September 11th, 2003
A State of Mind
North Korea and the Korean War: June 1950 UN Responds

Two days after the war in Korea began, the U.S., worried that it would “lose” Korea like China to communists, took the matter to the UN Security Council. (President Harry Truman decided that, as a “bandit incursion,” the war was not a matter for Congress.) Boycotted by the Soviet Union, the Council passed a resolution condemning North Korea’s action and calling on UN members to bring the hostilities to an end.

A Korean girl with her brother trudges past a U.S. tank in Haengju, South Korea.
Photo: NARA

Critics would charge that the UN operation was nothing more than a U.S. military campaign in masquerade. Under the UN-mandated command of General Douglas MacArthur, commander-in-chief of U.S. forces in the Far East, American troops landed on September 15, 1950 at Inchon, a port city in western Korea, cutting off North Korean forces in the middle. UN forces at Pusan then charged from the south. Joining up with MacArthur, the combined group regained control of Seoul on September 28 and stormed northwards.

Taken by surprise, Kim Il Sung called “a great strategic retreat.” South Korea’s Rhee hailed MacArthur as “the savior of our race.” The opening months of the struggle had cost some 111,000 South Korean lives, destroyed 314,000 homes, and left 57,000 people missing. U.S. dead totaled 6,954, with 13,659 wounded. It was only the beginning.

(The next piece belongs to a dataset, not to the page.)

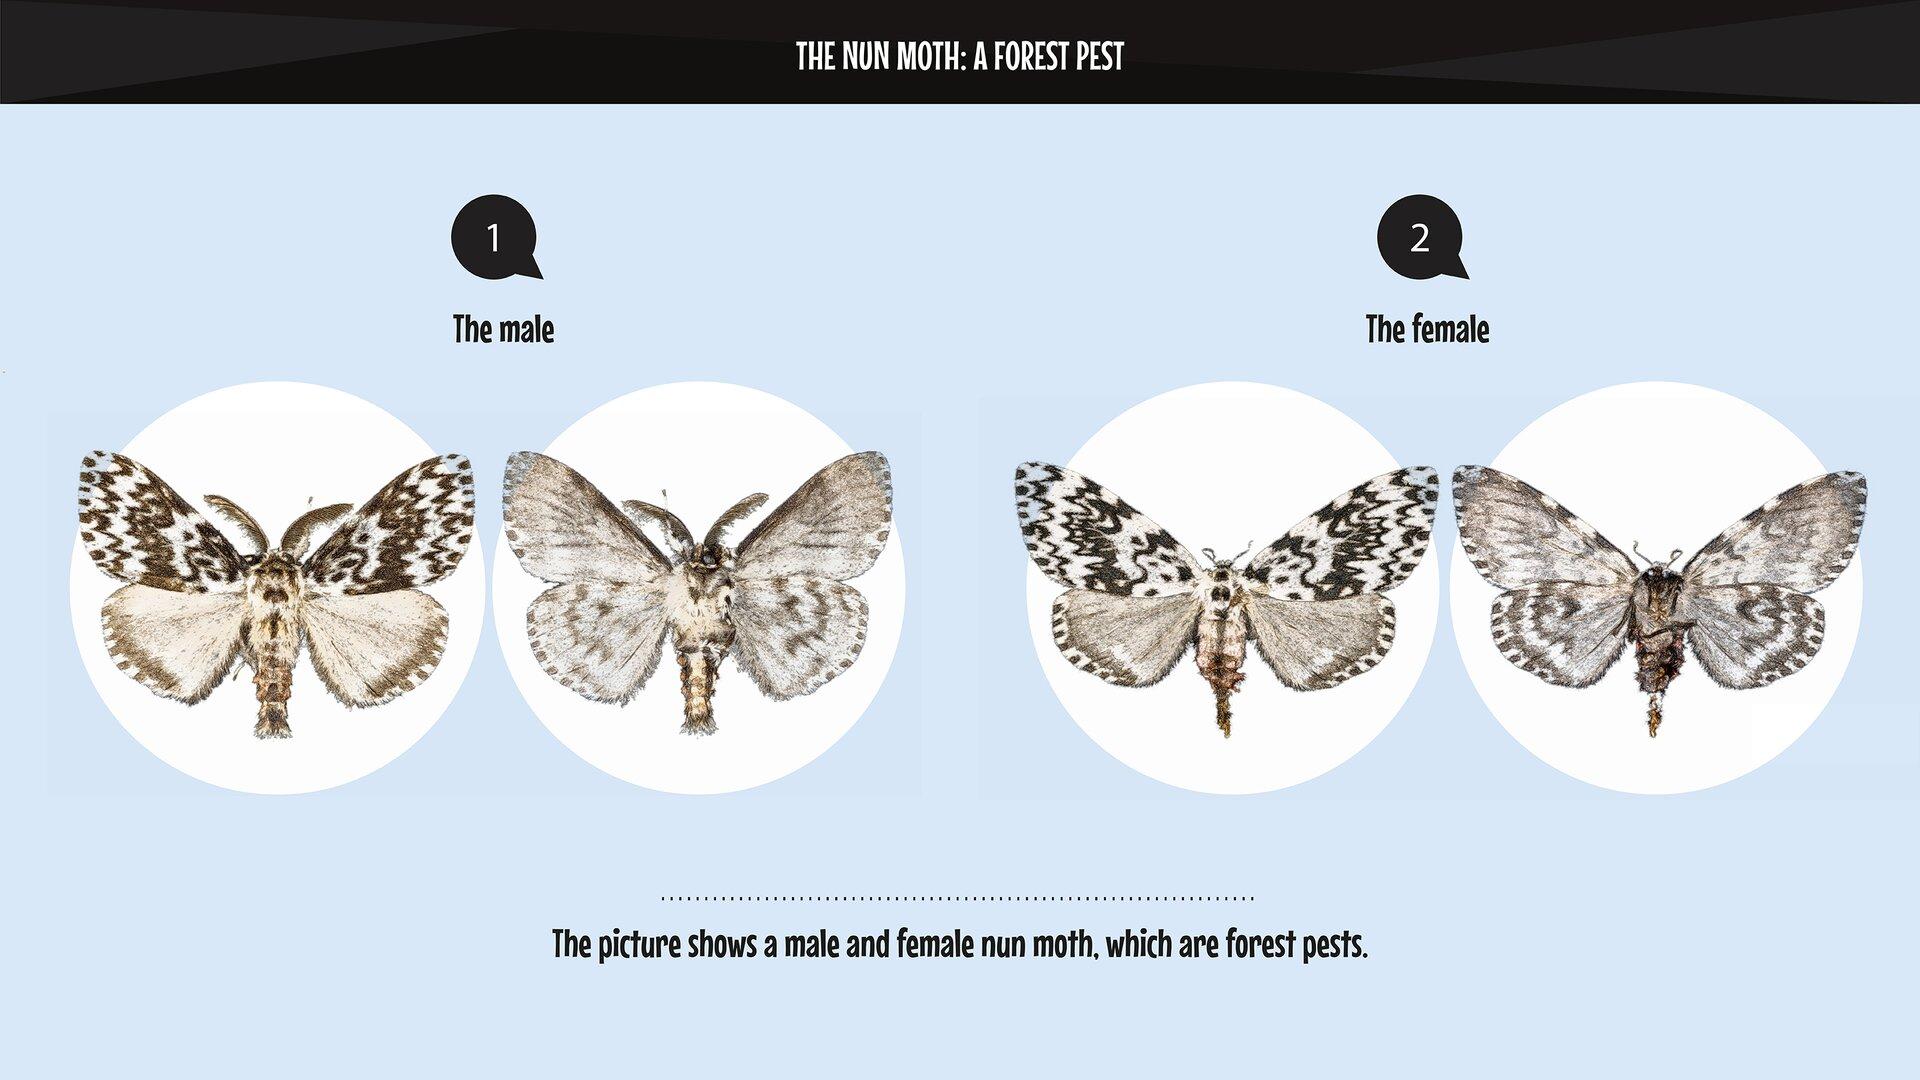 The photo presents amale and female nun moth, which are forest pests. Zdjęcie przedstawia szkodnika - brudnica mniszka: samca isamicę.

A bridge and North Korean tank destroyed by bombs outside of Suwon, South Korea.
Photo: NARA

Technically, the UN command had fulfilled its mission: restoring the sovereignty of South Korea. But with North Korean forces on the run, the chance of ridding Korea altogether of its communist leaders loomed large for the U.S. Washington was using the new foreign policy of containment, which argued that communist governments would eventually collapse if they could not expand into other countries, to justify the war. After the triumph of Mao Zedong in China 1949, toppling the regime of Kim Il Sung in North Korea was a chance Washington found too good to pass up.

South Korean forces crossed the 38th parallel into North Korea on September 28. Eleven days later, MacArthur, who had once declared that he would defend Korea from communists “as I would California,” followed. It would prove a fateful step.